From the first line to the last, copy the listing exactly and omit the pictures.

§ **INFORMATION SUPPLIED**
◇ ◇ ◇ ◇
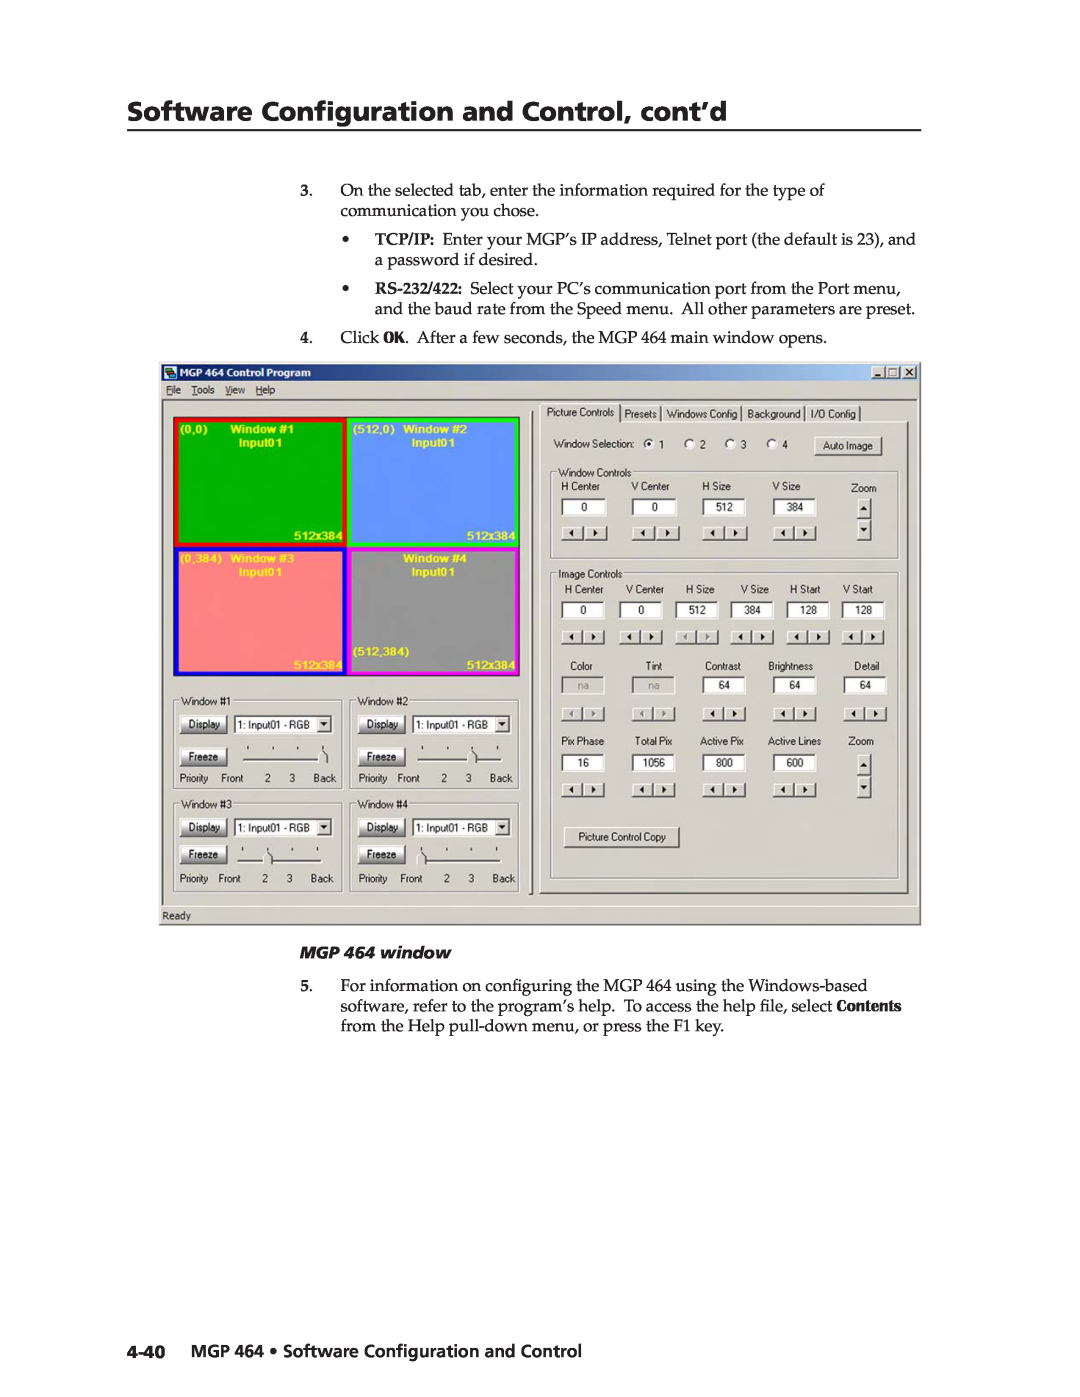 Extron electronic MGP 464 DI manual Preliminary, Software Configuration and Control, cont’d, MGP 464 window 
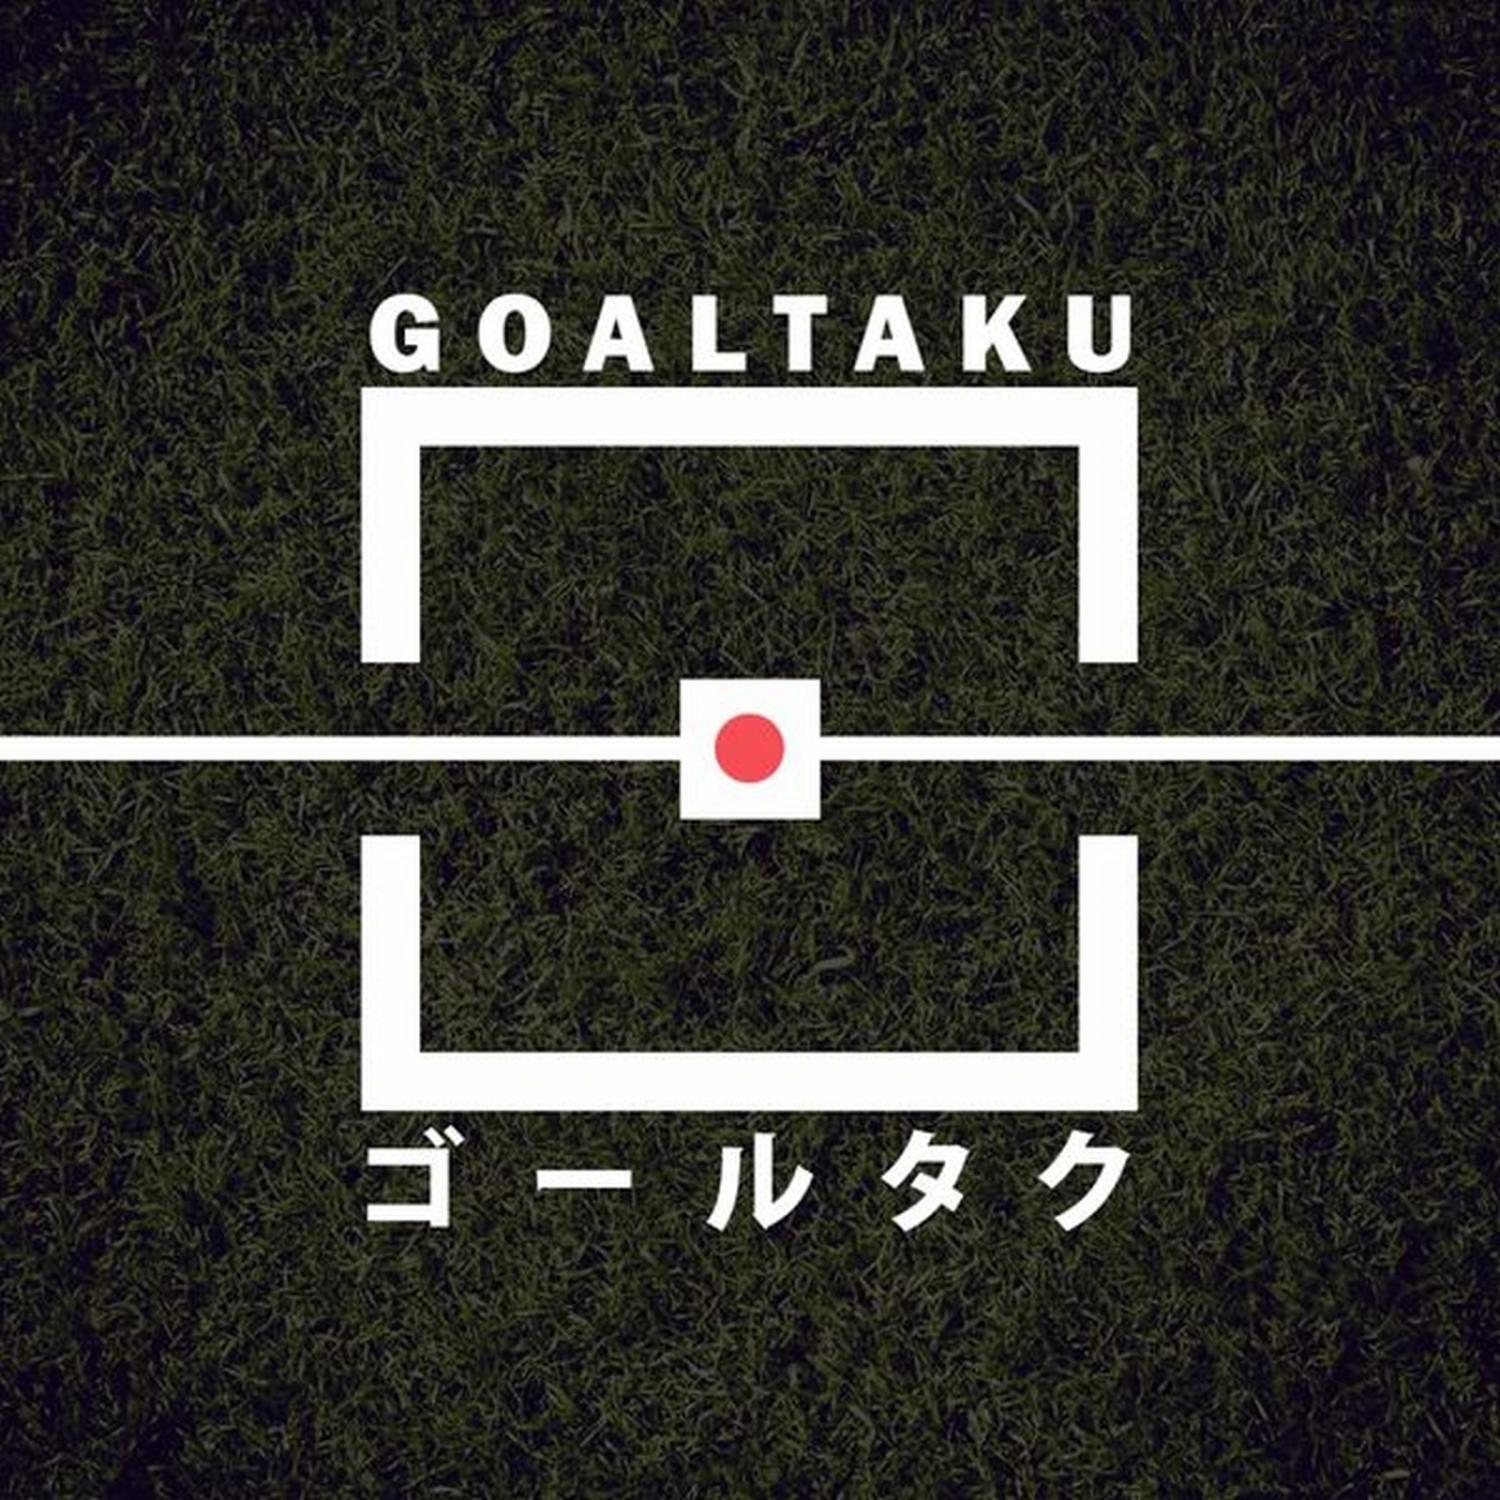 Goaltaku - Fußball in Japan
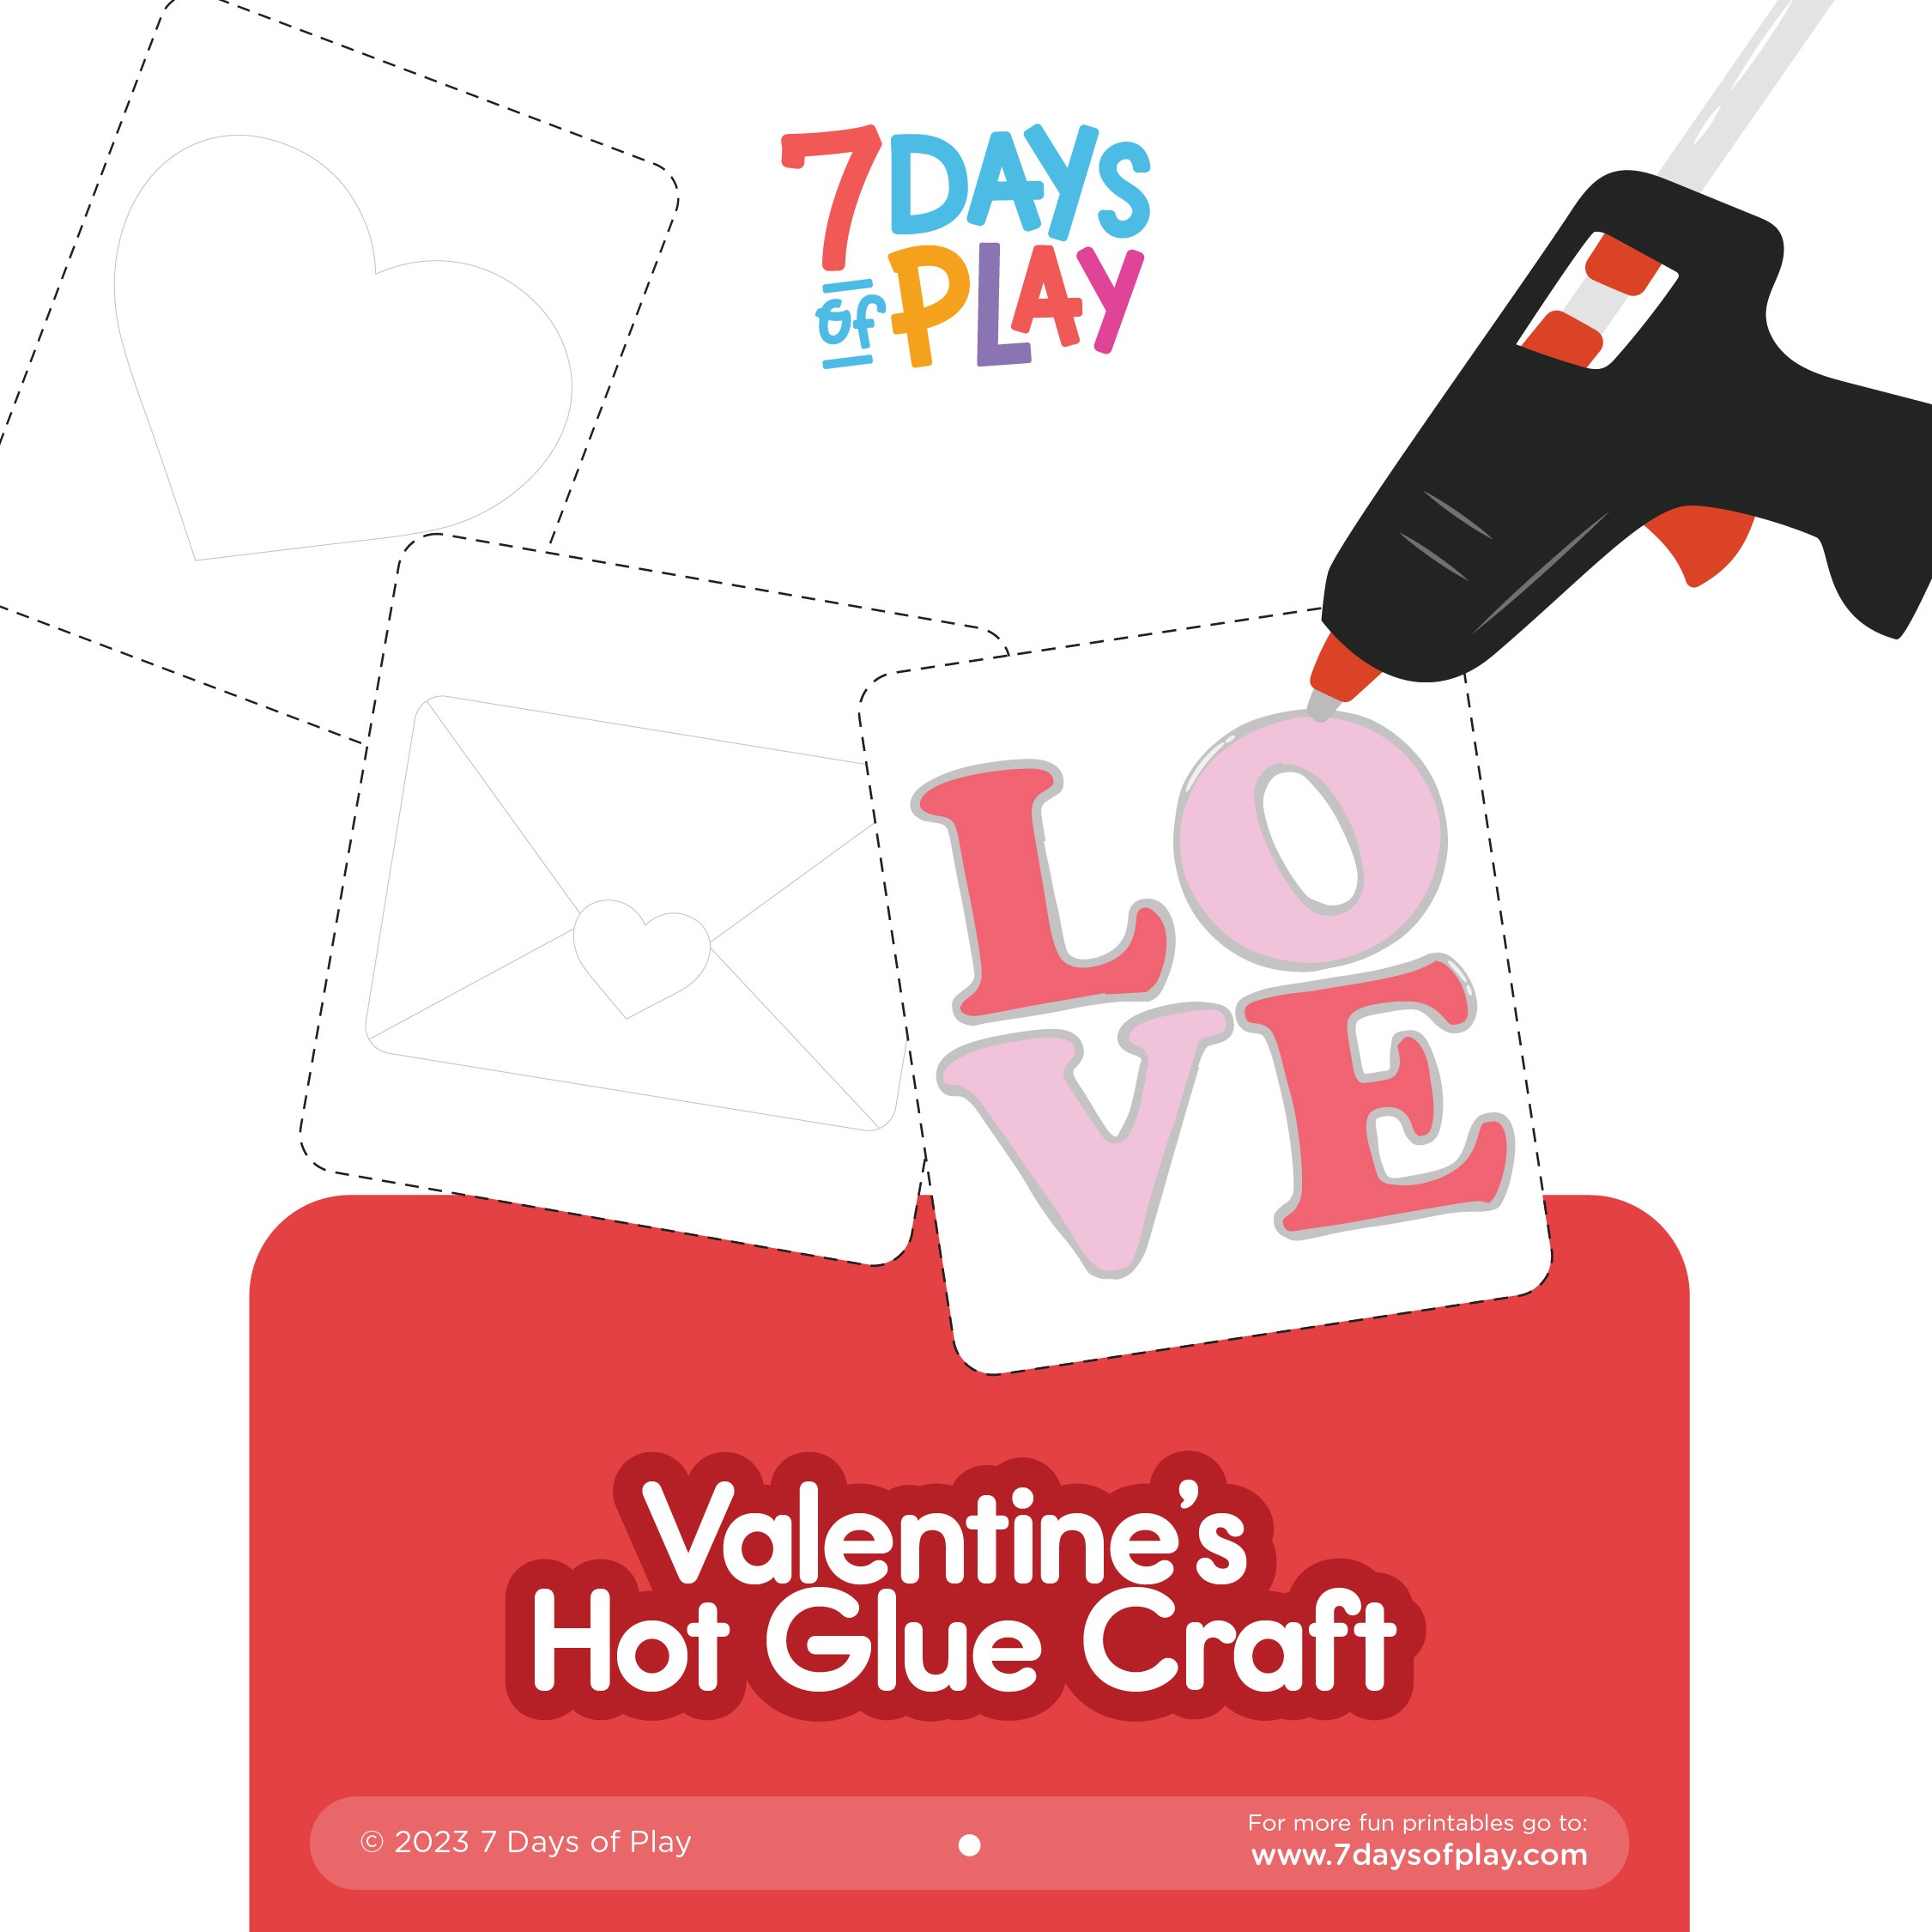 Valentine’s Hot Glue Craft - Printable
◇ ◇ ◇ ◇
§ **WRITTEN SOLUTION**
 Extron electronic MGP 464 DI manual Preliminary, Software Configuration and Control, cont’d, MGP 464 window 
 Goaltaku - Fußball in Japan
 Valentine’s Hot Glue Craft - Printable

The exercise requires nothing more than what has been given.